Proving uniform continuity of function on a half-open interval whose derivative has a limit at the boundary I'm given a continuous function $f : (a,b] \rightarrow \mathbb{R}$ for which


*

*$f'(x)$ exists on $(a,b)$ and

*$\lim_{x \to^+ a} f'(x)$ exists


and asked to prove that $f$ is uniformly continuous.
I am having a bit of trouble with how to show this formally, though I understand the essence of the answer:


*

*First off, the proof would be immediate if $f$ was defined over the closed interval $[a,b]$ since continuous functions are uniformly continuous on closed domains.

*Second, because the limit of $f'(x)$ exists as $x \to^+ a$, $f$ must be Lipschitz on its domain ($f'$ must be bounded since it is bounded near $a$ and bounded everywhere to the right of $a$ because the domain is closed in that direction).
This is all very well and good for an intuitive answer, but it seems a bit hand wavy. How do I do give a real $\epsilon, \delta$ style argument here? Or is that overkill for this problem?
Thanks.
 A: First, let's show that $f(x)$ is bounded. Let $l = \lim_{x\to a^+} f'(x)$. We therefore have some $\delta > 0$ such that,
$$a < x < a + \delta \implies |f'(x) - l| < 1 \implies |f'(x)| < l + 1.$$
Suppose $x \in (a, a + \delta)$. Using the mean value theorem, there must be some $c \in (x, a + \delta)$ such that
$$f'(c) = \frac{f(a + \delta) - f(x)}{a + \delta - x}.$$
But $c \in (a, a + \delta)$, hence
$$\left|\frac{f(a + \delta) - f(x)}{a + \delta - x}\right| < l + 1 \implies |f(a + \delta) - f(x)| < (l + 1)(a + \delta - x) < \delta(l + 1).$$
Thereore,
$$|f(x)| < \delta(l + 1) + |f(a + \delta)|,$$
which shows $f$ is bounded on $(a, a + \delta)$. On the rest of the interval, $[a + \delta, b]$, the function is continuous and hence bounded on the compact interval. Therefore, $f$ is bounded on $(a, b]$.

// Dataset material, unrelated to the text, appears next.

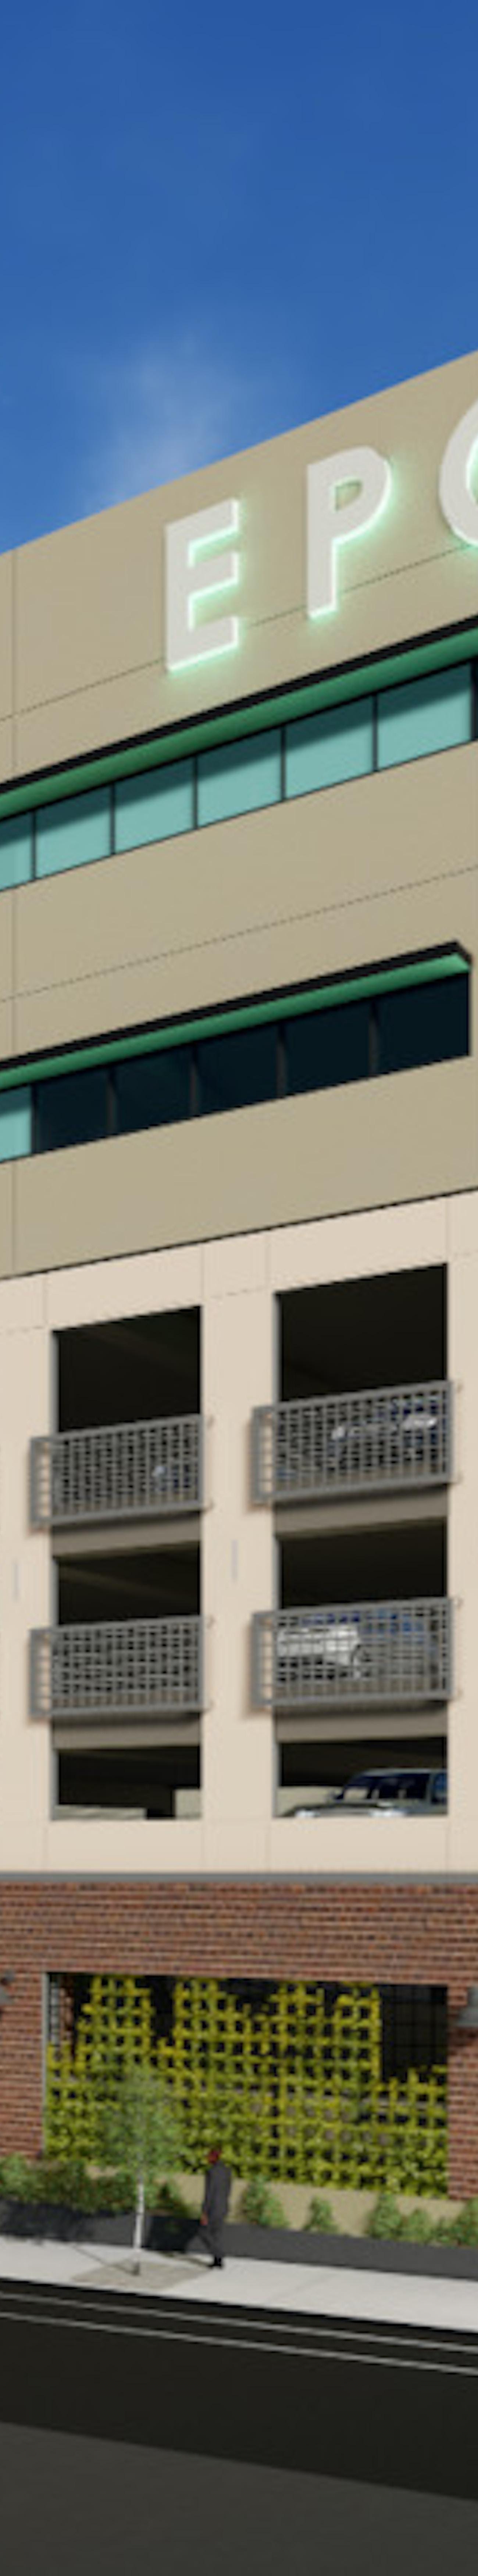 EPCC Rio Grande Campus Academic Classroom And Parking Garage

Now suppose for the sake of contradiction that $\lim_{x \to a^+} f(x)$ does not exist. Then, due to the boundedness of $f(x)$, we can then construct sequences $(x_n), (y_n)$, both converging to $a$ from above, such that $f(x_n)$ and $f(y_n)$ both converge to different limits. Therefore, it follows that $x_n - y_n \to 0$ but $f(x_n) - f(y_n)$ converges to something non-zero, which implies that $(f(x_n) - f(y_n))/(x_n - y_n)$ becomes unbounded as $n \rightarrow \infty$, which contradicts the MVT and $f'$ being bounded locally to the right of $a$.
Hence $\lim_{x \to a^+} f(x)$ does exist, and so $f$ can be extended to a continuous function on $[a, b]$, which is uniformly continuous, and hence $f$ is uniformly continuous too.
A: Since $f'$ has side limit at $a$, it is bounded on $(a,c)$ for some $c>a$. So $f$ is Lipschitz (and hence uniformly continuous) on $(a,c]$. On the other hand, $f$ is also uniformly continuous on $[c,b]$ by compactness.
Now you can show the following general fact: if a function is uniformly continuous on $(a,c]$ and also on $[c,b]$, then it is uniformly continuous on $(a,b]$. Using this fact and the above observations the proof is finished.

PS: This is assuming the side limit of $f'$ exists and is finite, otherwise there are counter-examples.
PPS: $f'$ may still be unbounded on $(a,b]$, you can make counter-examples by adding countably-many disjoint tiny blobs with higher and higher derivatives.